Erik Sahai and colleagues non-invasively visualized the movement of fluorescently labelled breast cancer cells inside living mice, using highly sensitive cameras. They found that whereas some tumour cells move alone, others move more slowly in groups. Though the cytokine growth factor TGF-beta is known to increase tumour cell motility, the team found that TGF-beta signalling is only active in singly moving cells and not in collectively moving cells. Surprisingly, both types of migration led to the spread of cancer, though to different sites. Cells lacking TGF-beta signalling moved collectively, spreading only to lymph nodes. Conversely, increased TGF-beta signalling led to increased dissemination of singly moving cells into blood, but also prevented the spread of cancer to the lungs. Therefore, the TGF-beta pathway needs to be activated for single-cell motility, but then needs to be shut off for cancer to spread to the lungs.
These findings illustrate how different cells in a tumour can have different signalling properties, and may help in the design of drugs that prevent cancer spreading from organ to organ.
Author contact:
Erik Sahai (Cancer Research UK, London, UK)
Tel: +44 20 7269 3165; E-mail: [email protected]
[2] Immunology: Possible multiple sclerosis biomarker
DOI: 10.1038/ni.1798
Small molecules of RNA are positively associated with disease relapses in multiple sclerosis (MS) in patients according to a report published online this week in Nature Immunology. These RNA molecules could potentially serve as a biomarker for MS and may have therapeutic applications for the treatment of the disease.

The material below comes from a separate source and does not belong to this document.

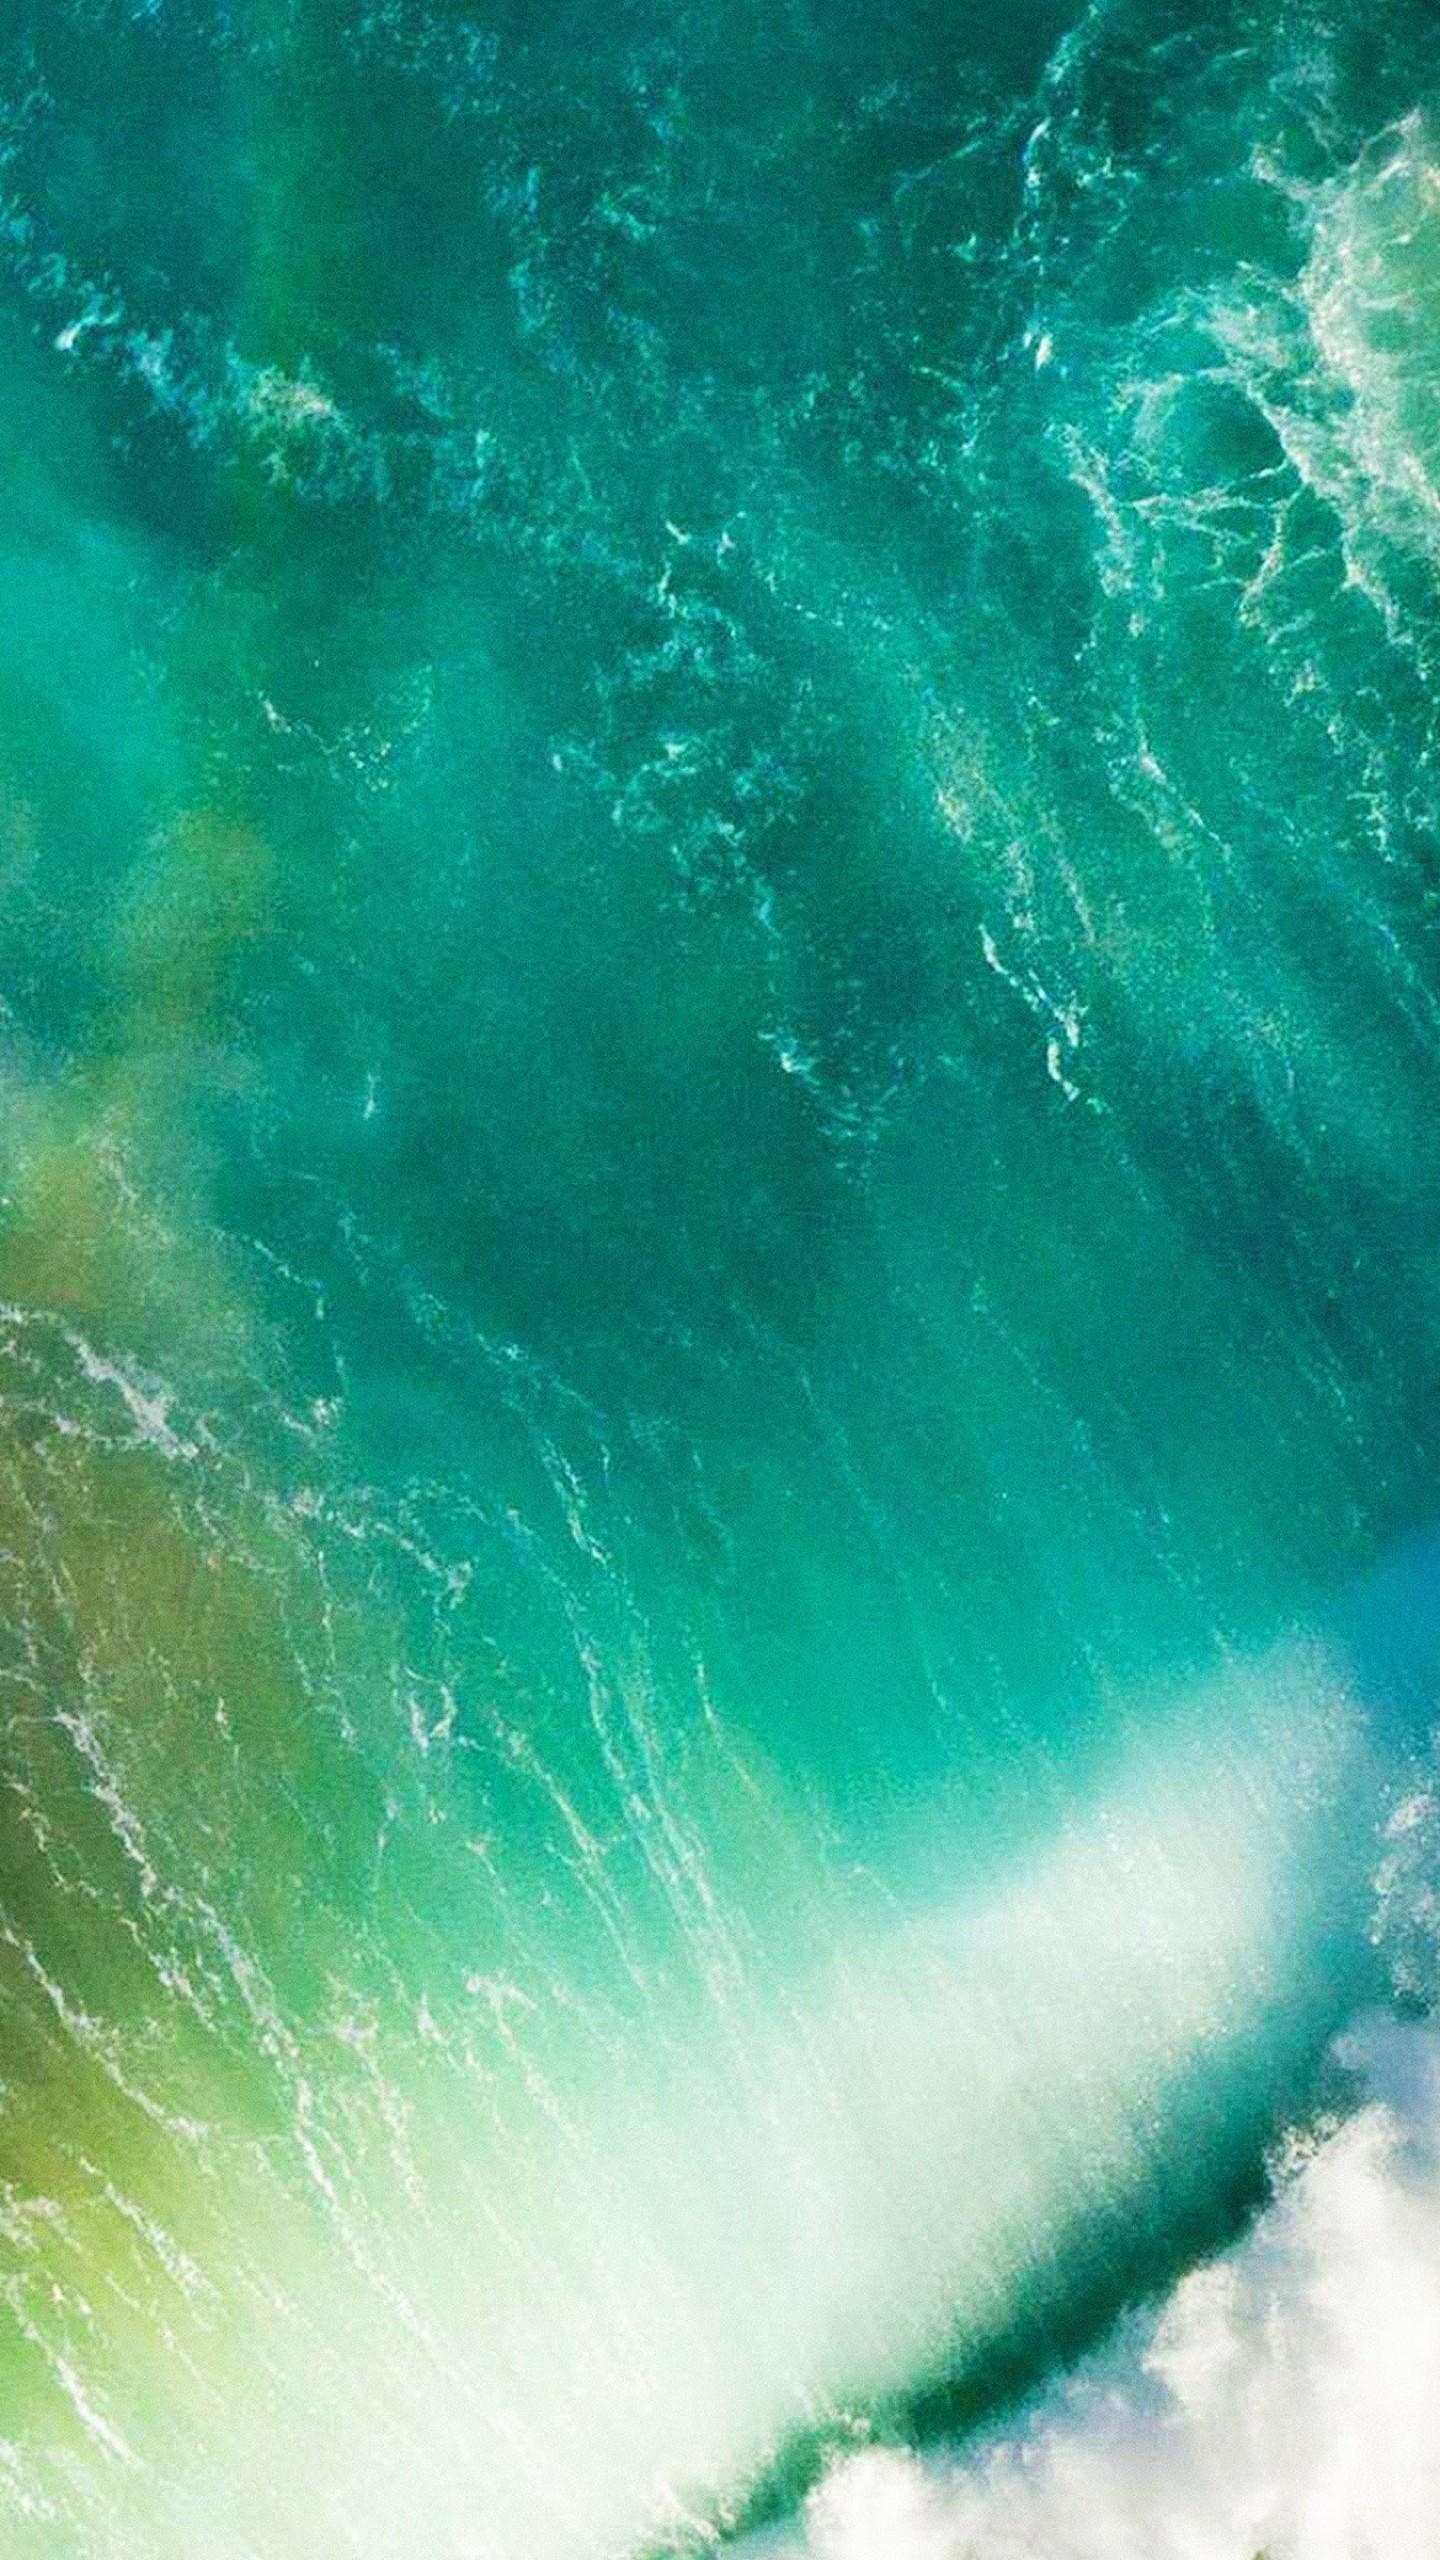 Wallpaper Apple iOS 10 4k 5k iphone wallpaper live wallpaper 1440x2560

The short RNA molecules, called microRNAs, bind complementary regions of untranslated mRNA together and inhibit their translation into proteins. Gang Pei and colleagues found that the amount of one such microRNA, miR-326, in humans is positively correlated to a flare of MS symptoms. Notably manipulation of miR-326 abundance in a mouse model of MS could worsen or alleviate symptoms depending on whether microRNA expression was increased or decreased, respectively.
Pei and his team show that miR-326 inhibits the production of a protein known to inhibit T helper cells that produce the cytokine interleukin 17. These interleukin cells have previously been associated with MS. Measuring miR-326 amounts may therefore serve as a useful diagnostic marker. If ways can be found to inhibit miR-326 in humans, this discovery could prove useful therapeutically by reducing interleukin 17 cell numbers in MS patients.
Author contact:
Gang Pei (Chinese Academy of Sciences, Shanghai, China)

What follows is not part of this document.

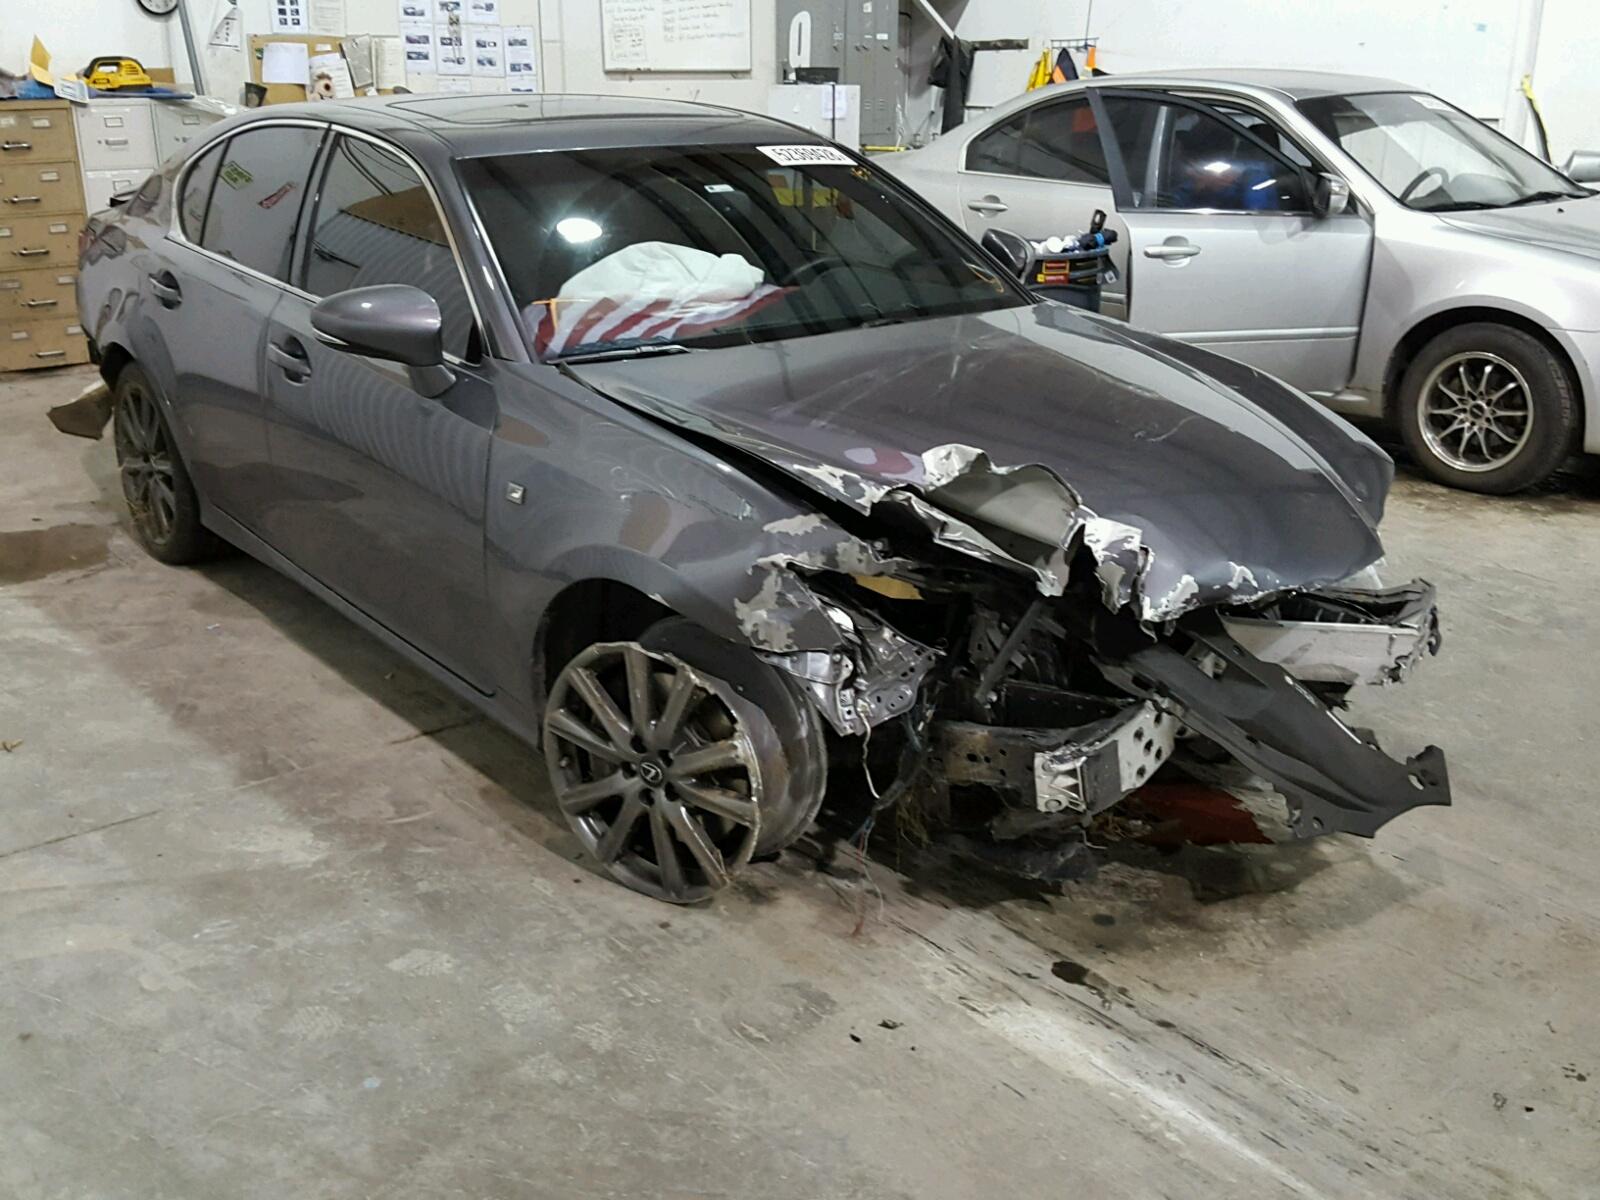 Repairable Vs. Nonrepairable Title Salvage Car

Tel: +86 21 5492 1371; E-mail: [email protected]
[3] Structural & Molecular Biology: SARS attacking the ribosome
DOI: 10.1038/nsmb.1680
A double attack by the SARS virus on host cell protein synthesis is shown in a study published online this week in Nature Structural & Molecular Biology. An understanding of such host targeting mechanisms may ultimately lead to therapeutic approaches to treat SARS.
Translation is the decoding of messenger RNAs to yield a protein, carried out by the ribosome. Many viruses interfere with the host cell’s normal translation system, often requisitioning the host’s own machinery for viral protein production. The SARS coronavirus protein nsp1 is known to be able to utilize such mechanisms to suppress production of host cell proteins.
Shinji Makino and colleagues now show that nsp1 modifies both host messages intended for translation and also the ribosome itself. This indicates that SARS uses a two-pronged approach to attack host translation.
Author contact:
Shinji Makino (University of Texas Medical Branch at Galveston, TX, USA)
Tel: +1 409 772 2323; E-mail: [email protected]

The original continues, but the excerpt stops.